PROBLEM TO SOLVE =>
Skipping all images, output the listing word for word.

DATASET CONTENT =>
◇ ◇ ◇ ◇
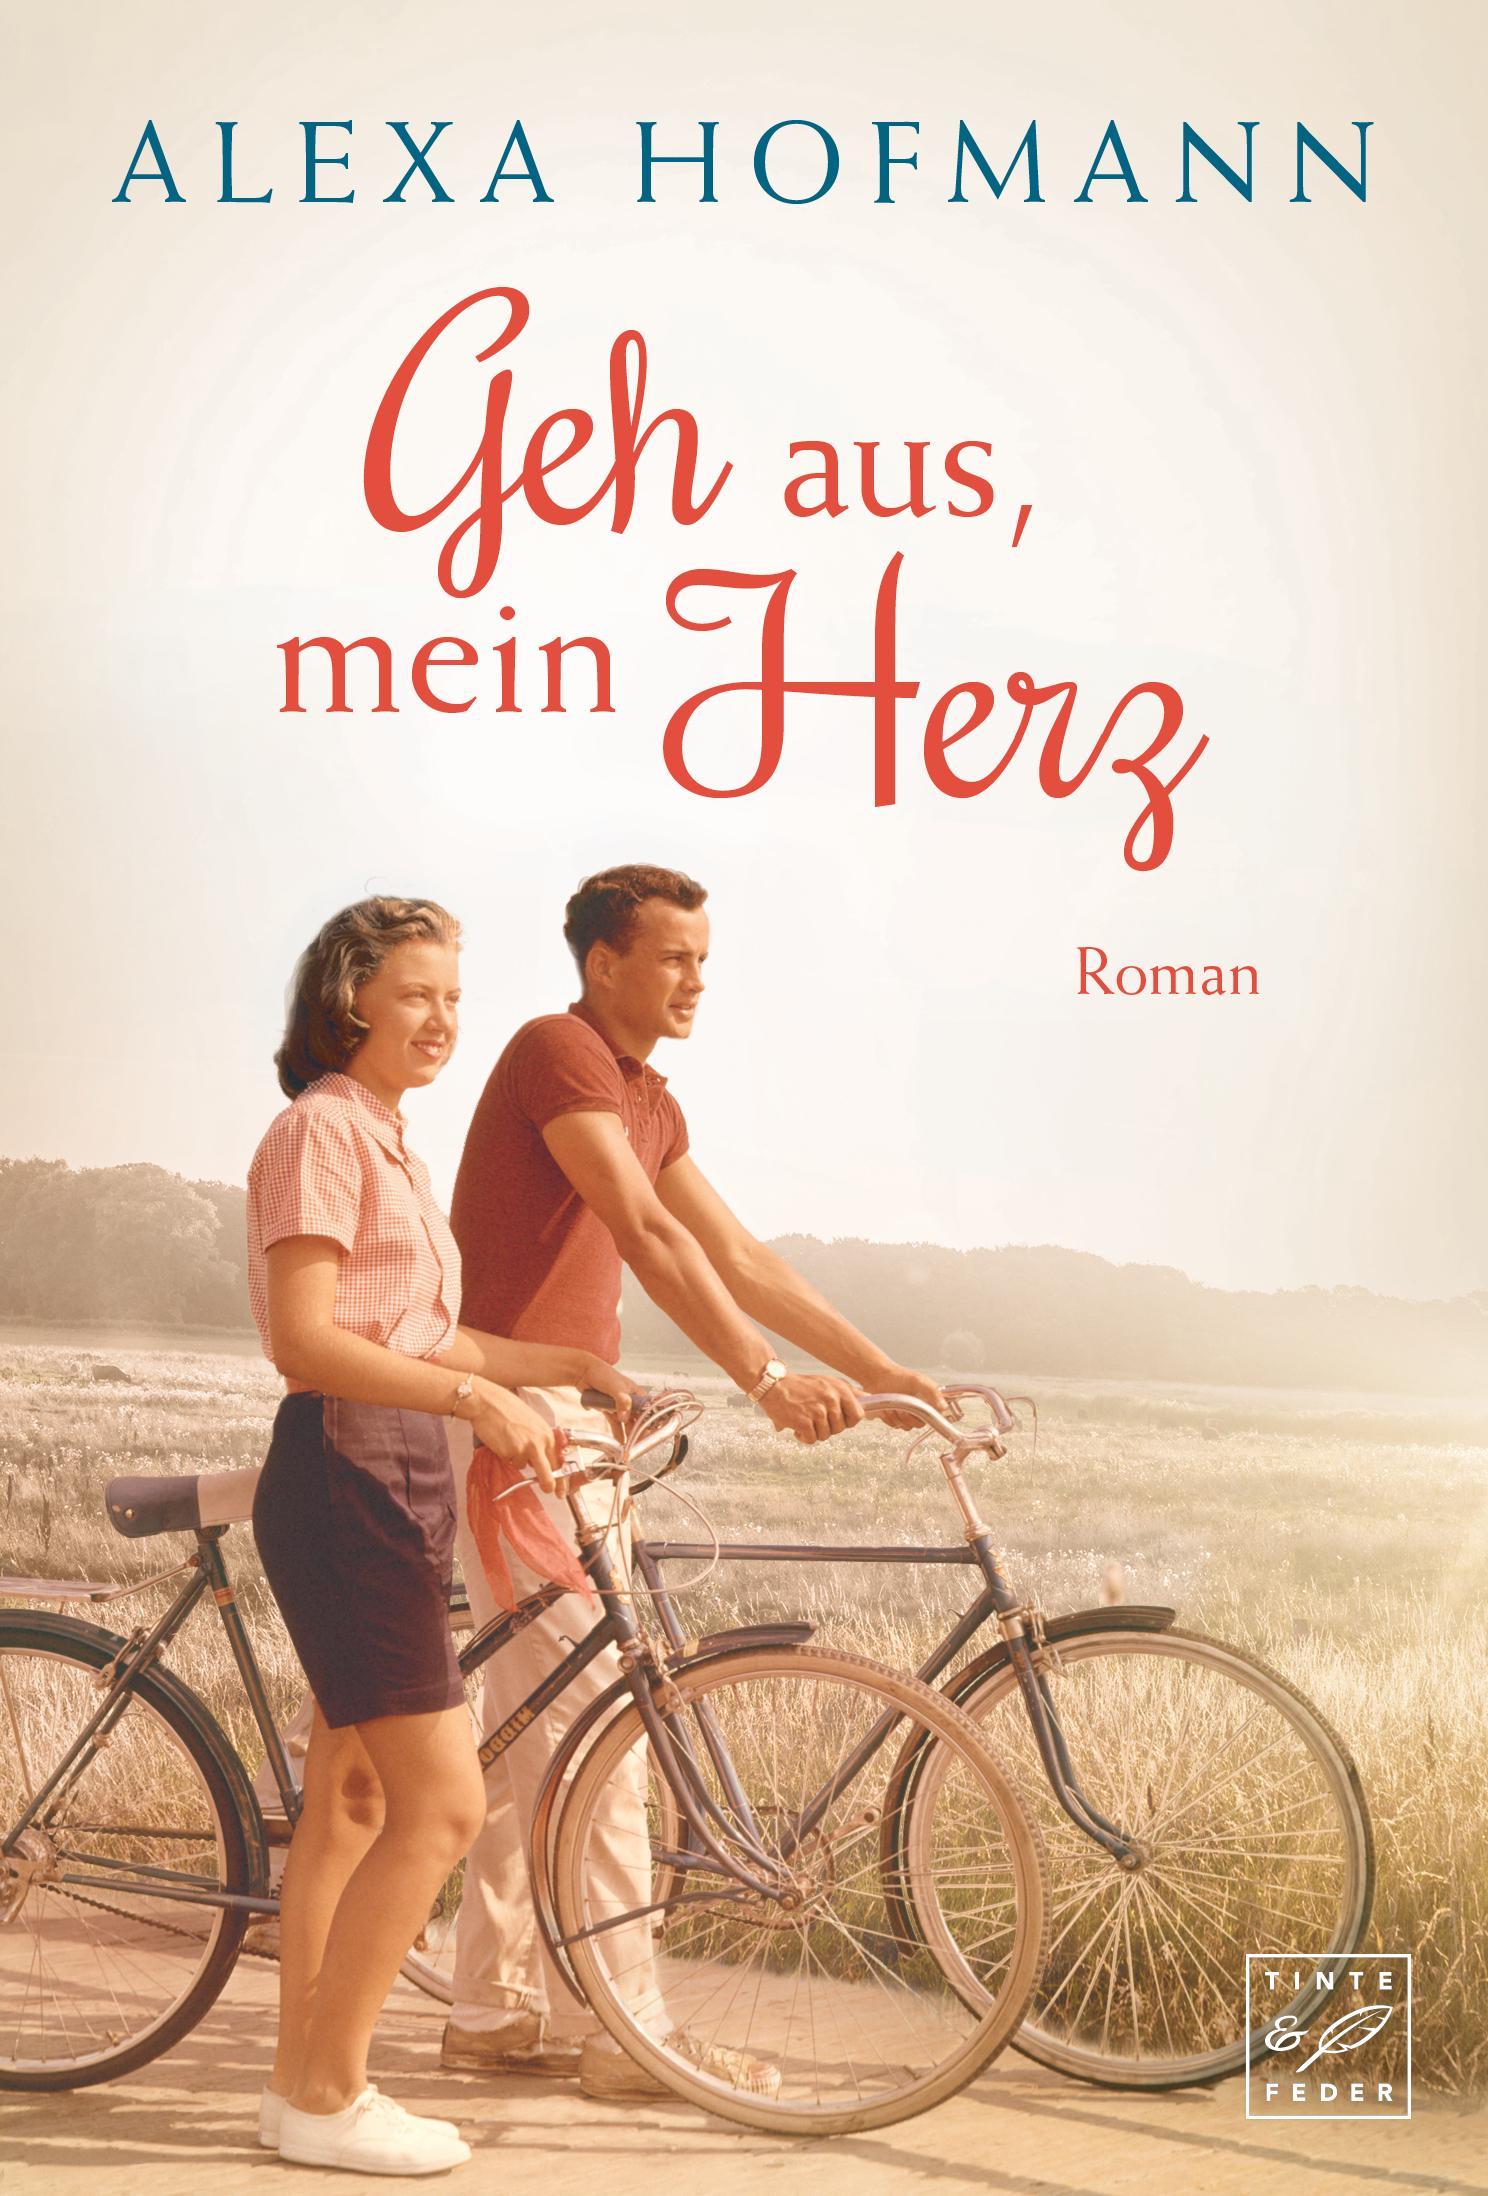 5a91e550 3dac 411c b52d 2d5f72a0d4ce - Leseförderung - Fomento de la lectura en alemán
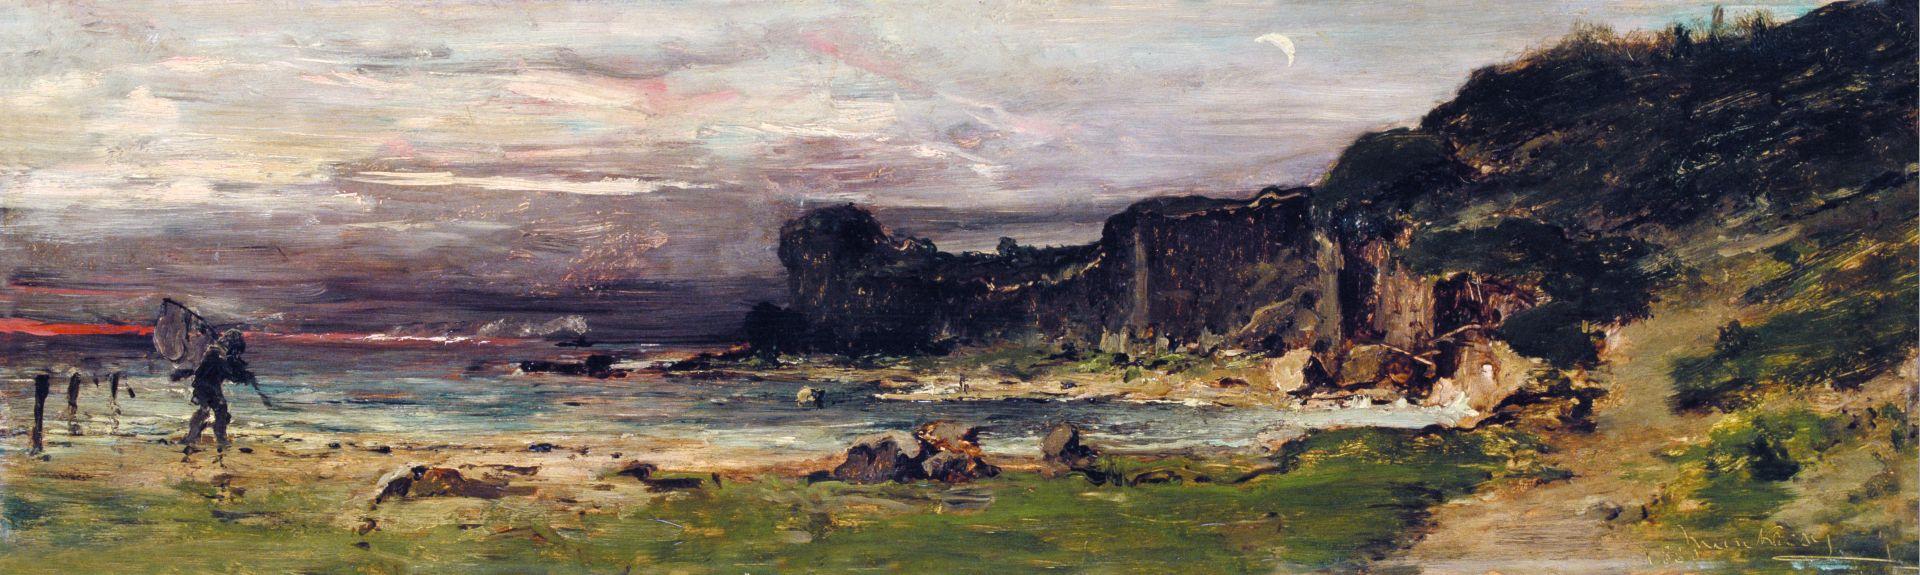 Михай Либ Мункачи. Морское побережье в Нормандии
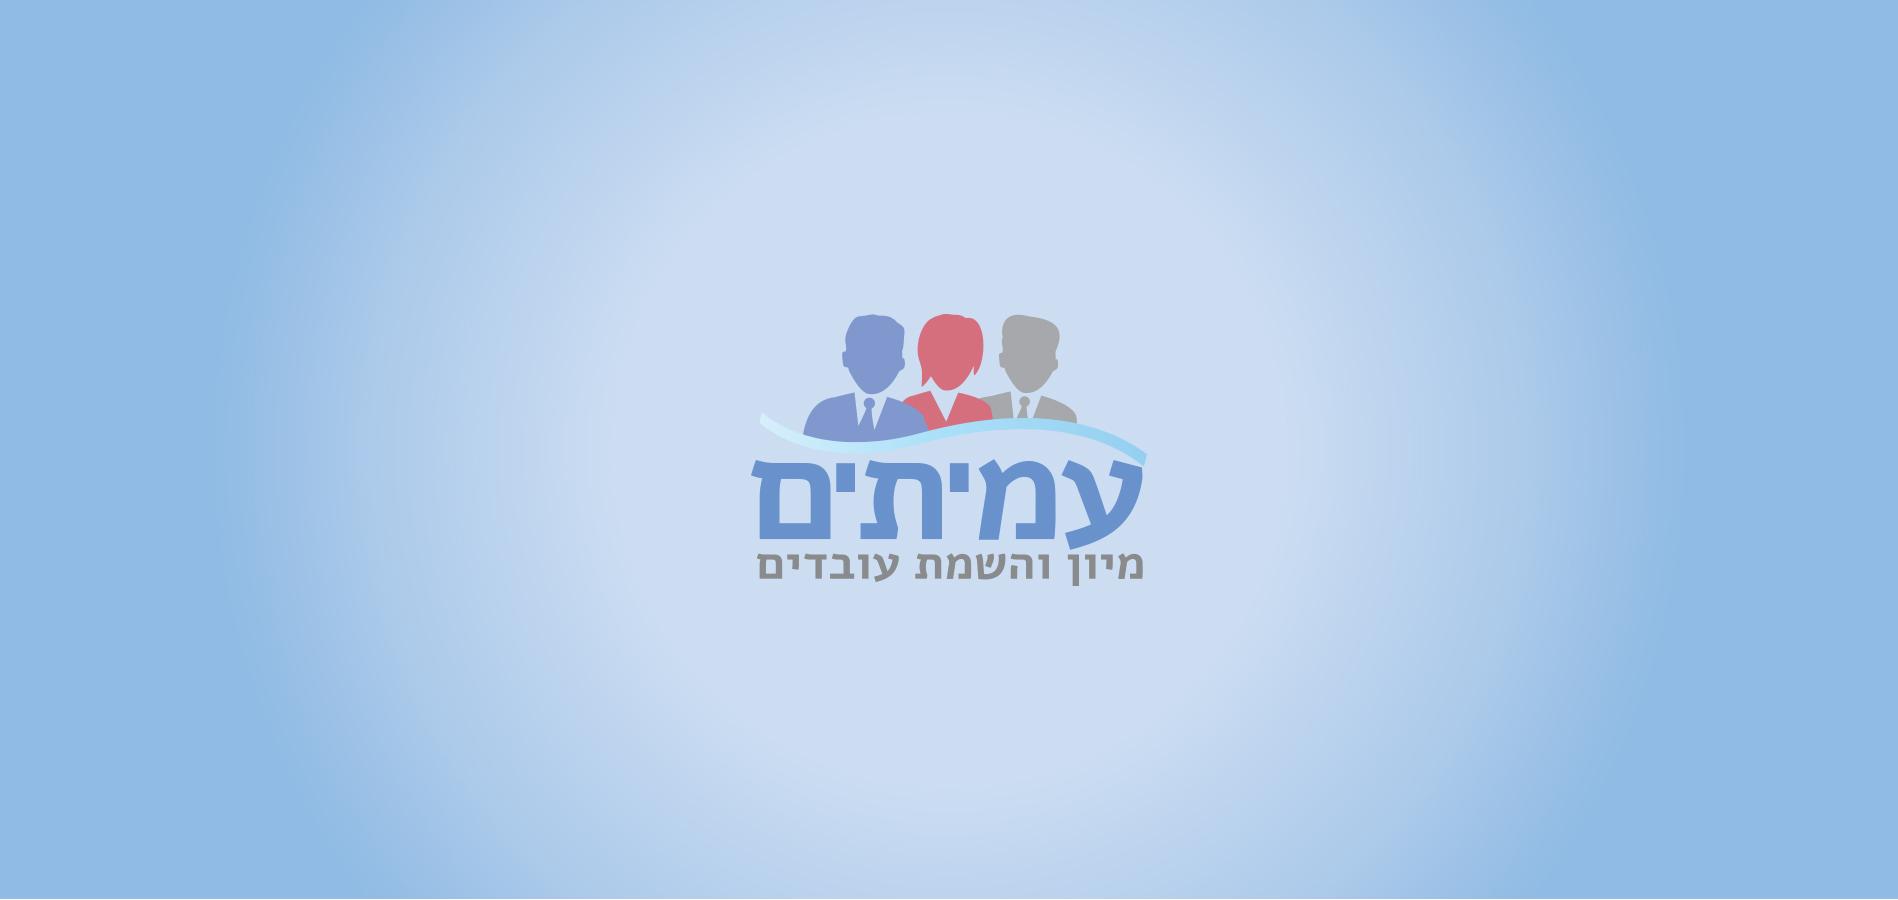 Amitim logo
◇ ◇ ◇ ◇
RESULT =>
 5a91e550 3dac 411c b52d 2d5f72a0d4ce - Leseförderung - Fomento de la lectura en alemán
 Михай Либ Мункачи. Морское побережье в Нормандии
 Amitim logo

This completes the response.